Thank you for reading my blog.
Today, we run into an issue when a client of ours. They wanted to see some of the data on our website and when doing a search, they didnt see all the days they asked for in the search
Why didn't they see all the data? Because they did a search by date and some of the dates were stored via the website in the form of '2008-01-01 00:00:00' and some were stored via the database in the form of '2008-01-01 12:35:49'.
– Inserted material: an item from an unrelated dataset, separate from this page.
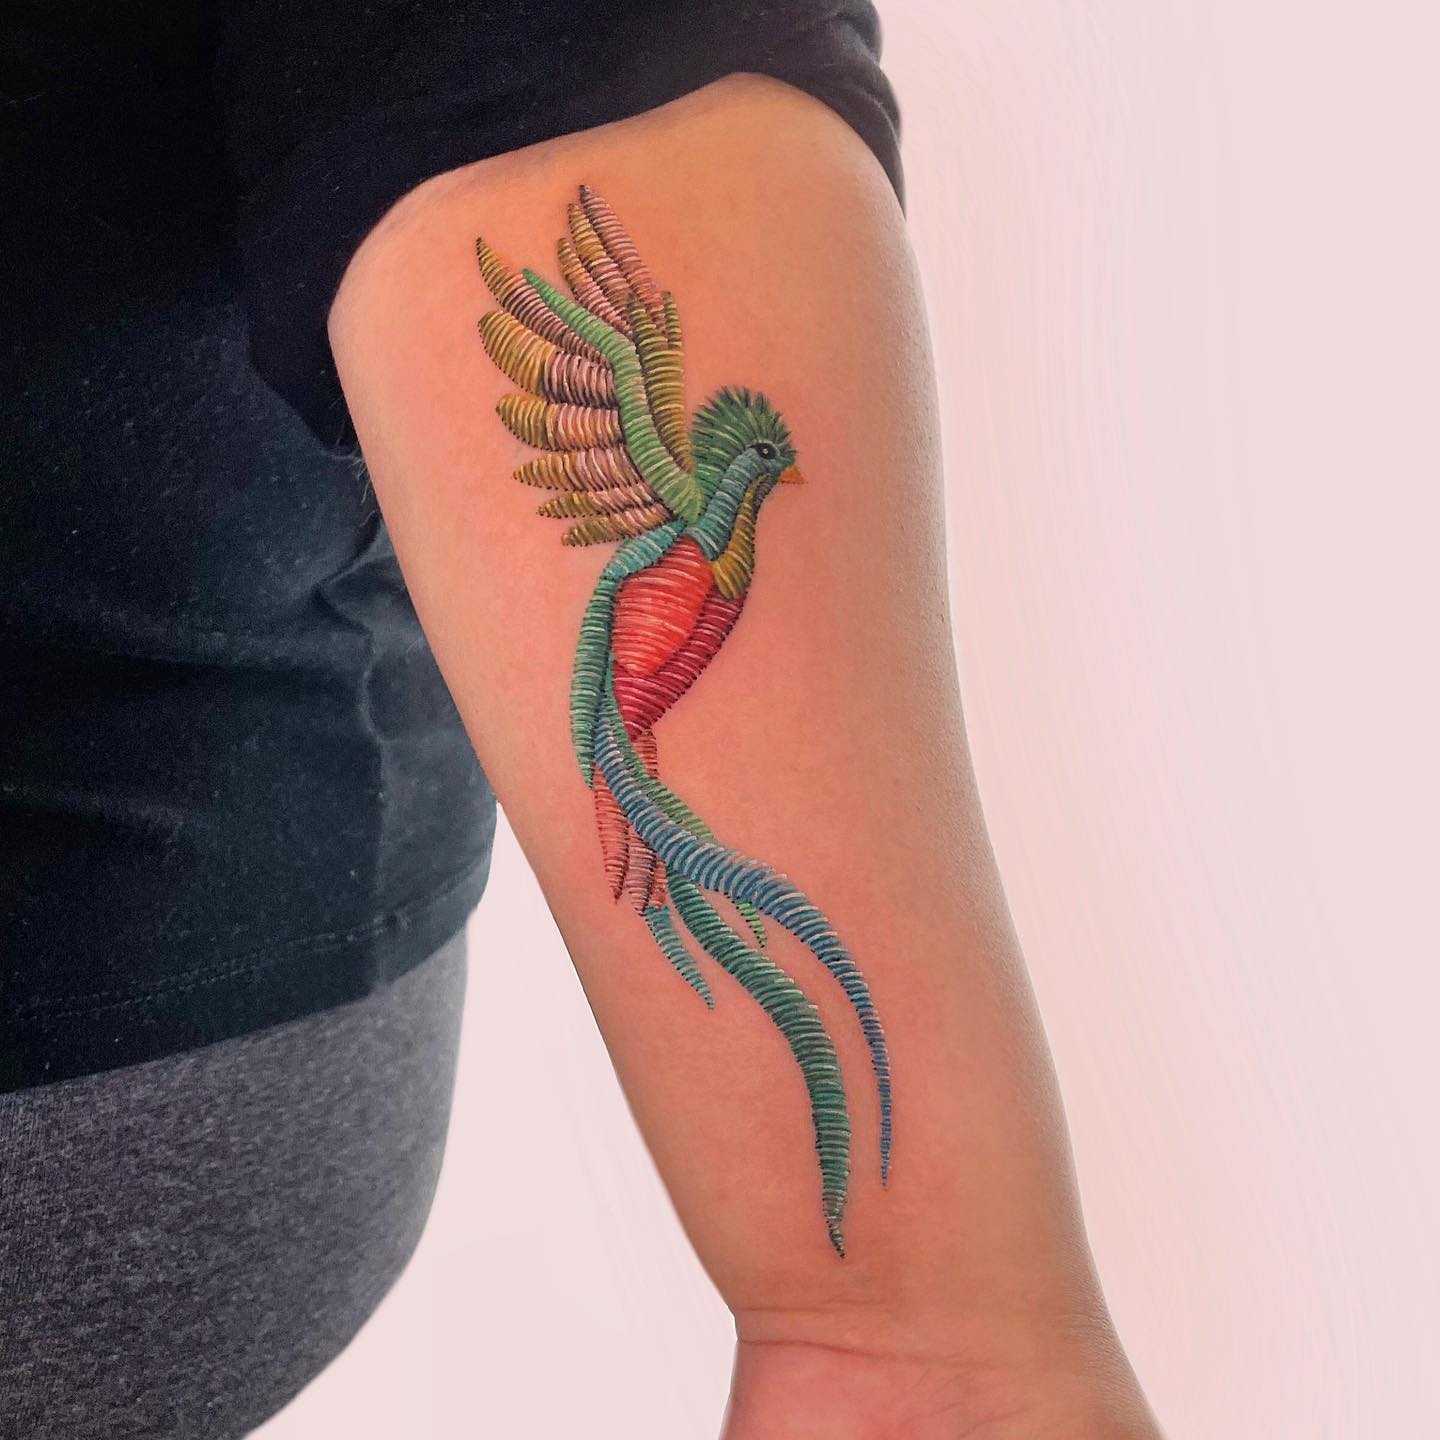 Multicolored phoenix embroidery tattoo on arm

Now, for some magical reason, if you hide the time in the date in your searches, like so:
where signupdate between '2008-01-01' and '2008-01-02'then you might not see all the data between the days 01 to 02.
or
where signupdate between date('2008-01-01 00:00:00') and date('2008-01-02 00:00:00')
Depending on which way your date was stored, you might only see the dates between those 2 dates and not equal to those dates as well.
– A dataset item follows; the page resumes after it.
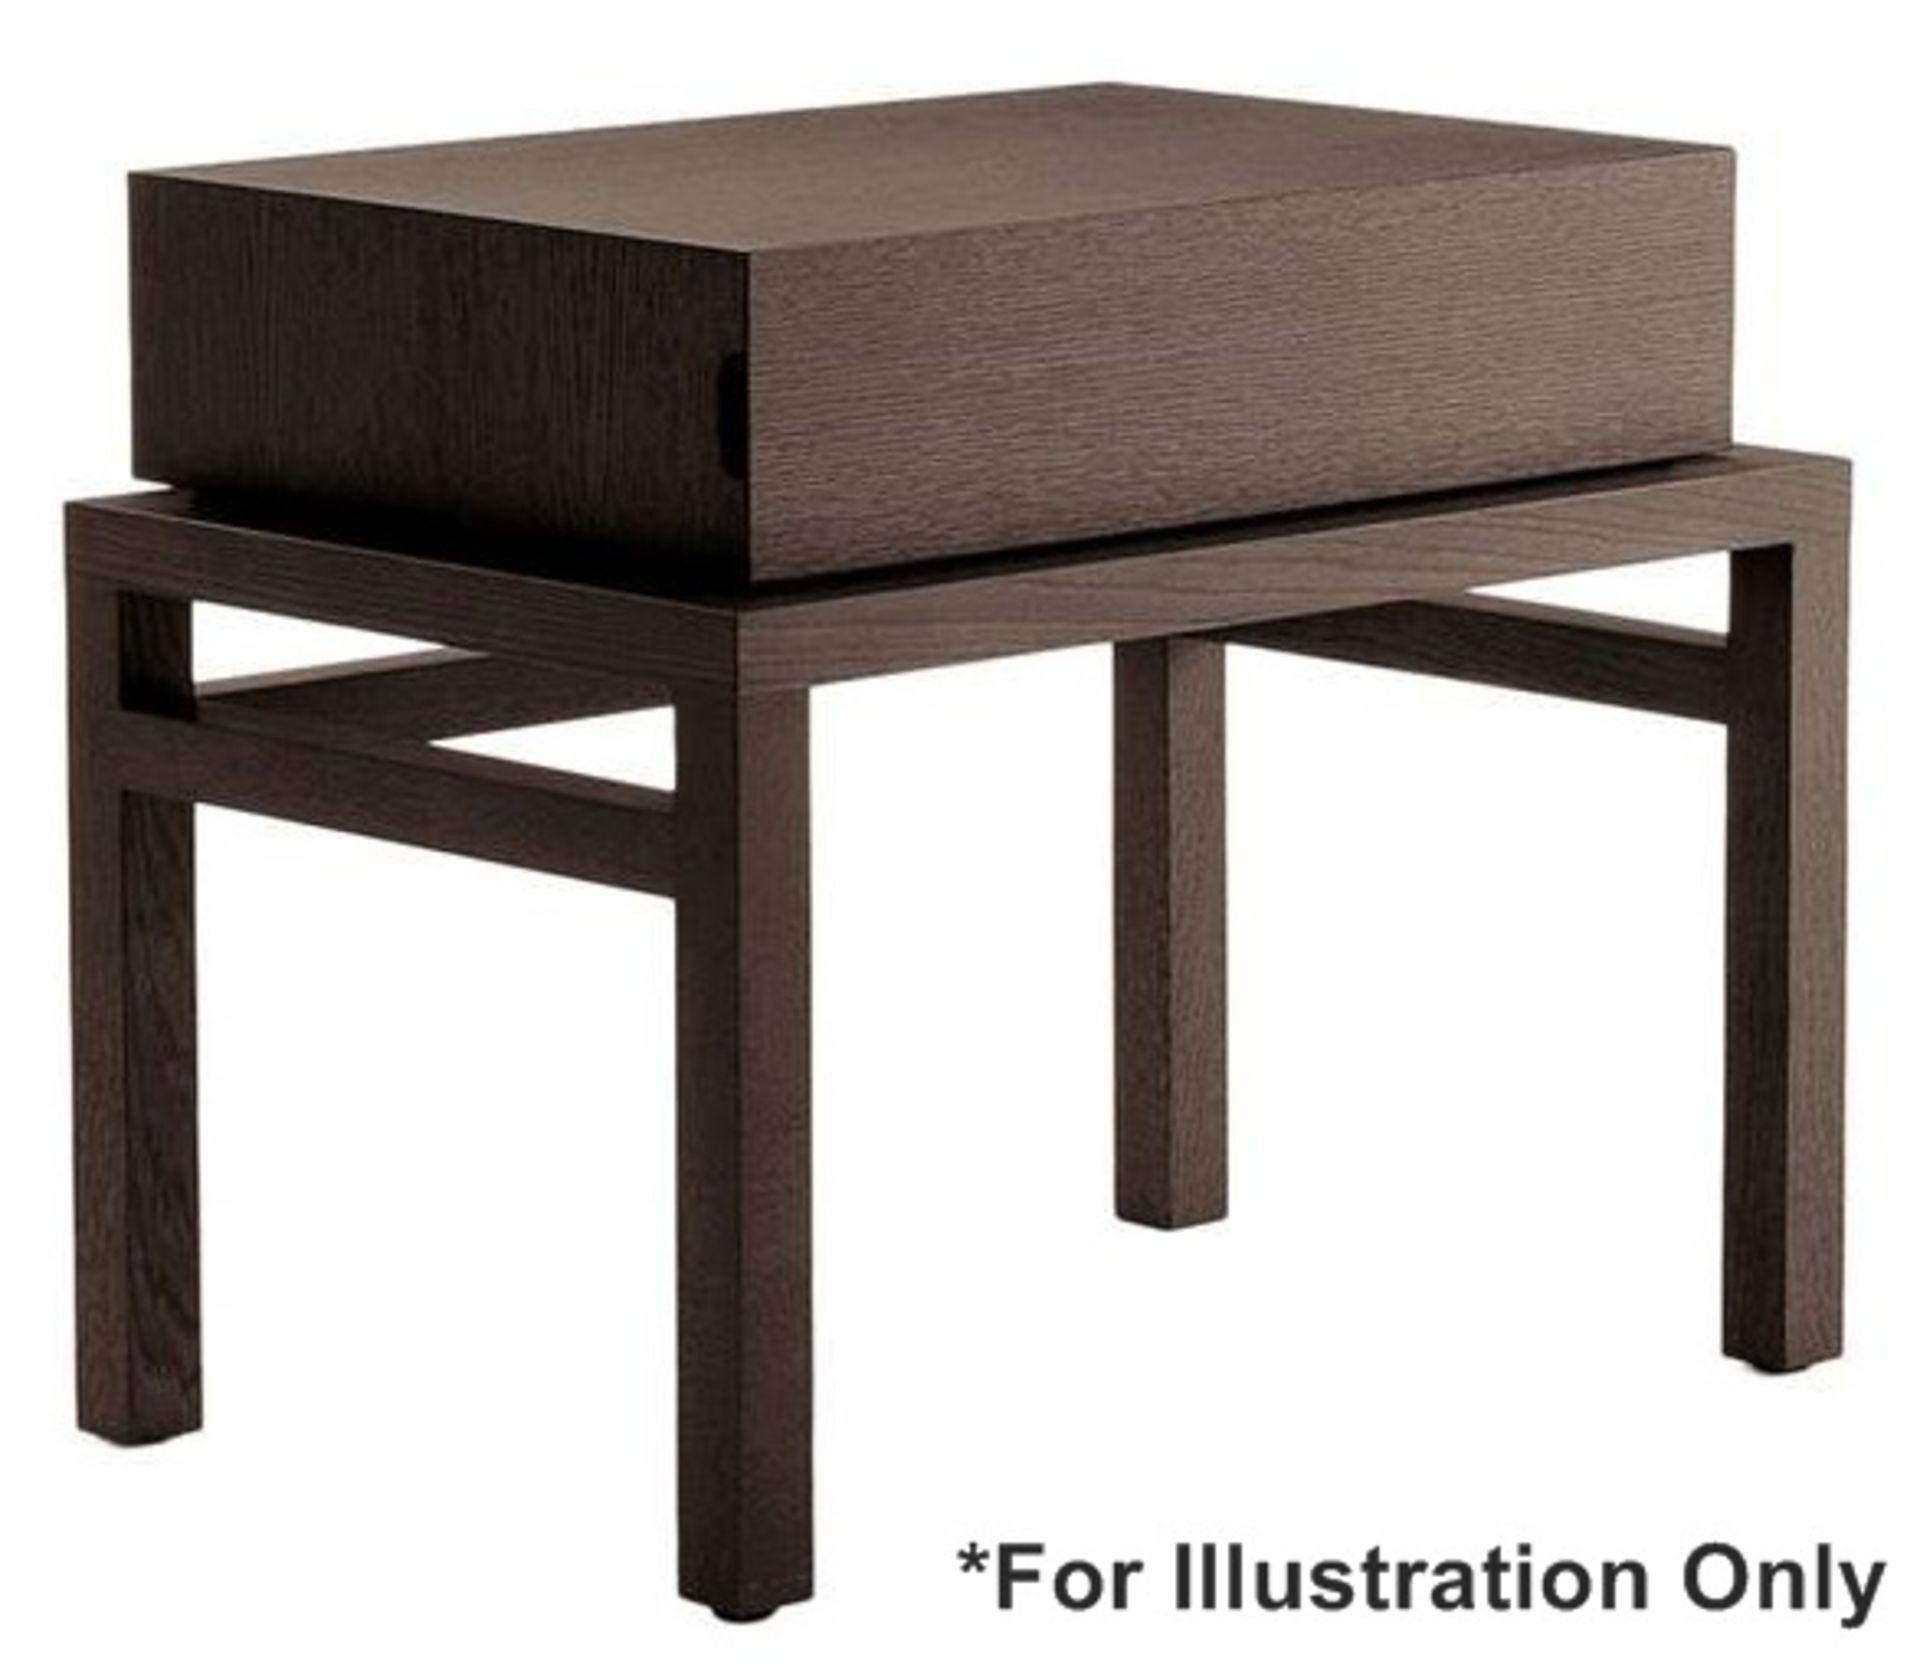 1 x B&B ITALIA / MAXALTO "Thronos" Small Table W/ Drawer - Oak Finish - Designer: Antonio Citterio -

So for example, if you had:
2008-01-01 00:00:00
2008-01-01 00:00:00
2008-01-02 00:00:00
2008-01-02 00:00:00
2008-01-03 00:00:00
2008-01-03 00:00:00
and you ran the search above, then you would see:
2008-01-01 00:00:00
2008-01-01 00:00:00
(I once worked for another company that booked hotel rooms online. For them when you booked the room, the nights were counted. So if you would do a search, on the website, all the date allocations would be set to midnight - 00:00:00.)
In our situation we had a mix of dates which caused use problems with 1 table and was ok with another.
We decided to solve the problem like this
where signupdate between '2008-01-01 00:00:00' and ' 2008-01-02 23:59:59'
That is, from what I understand, the time a day starts (00:00:00) and the time a day ends (23:59:59). So we figured we covered all the issues with this statement and we are happy with it.
I hope it helps you to if you also run into these kind of problems.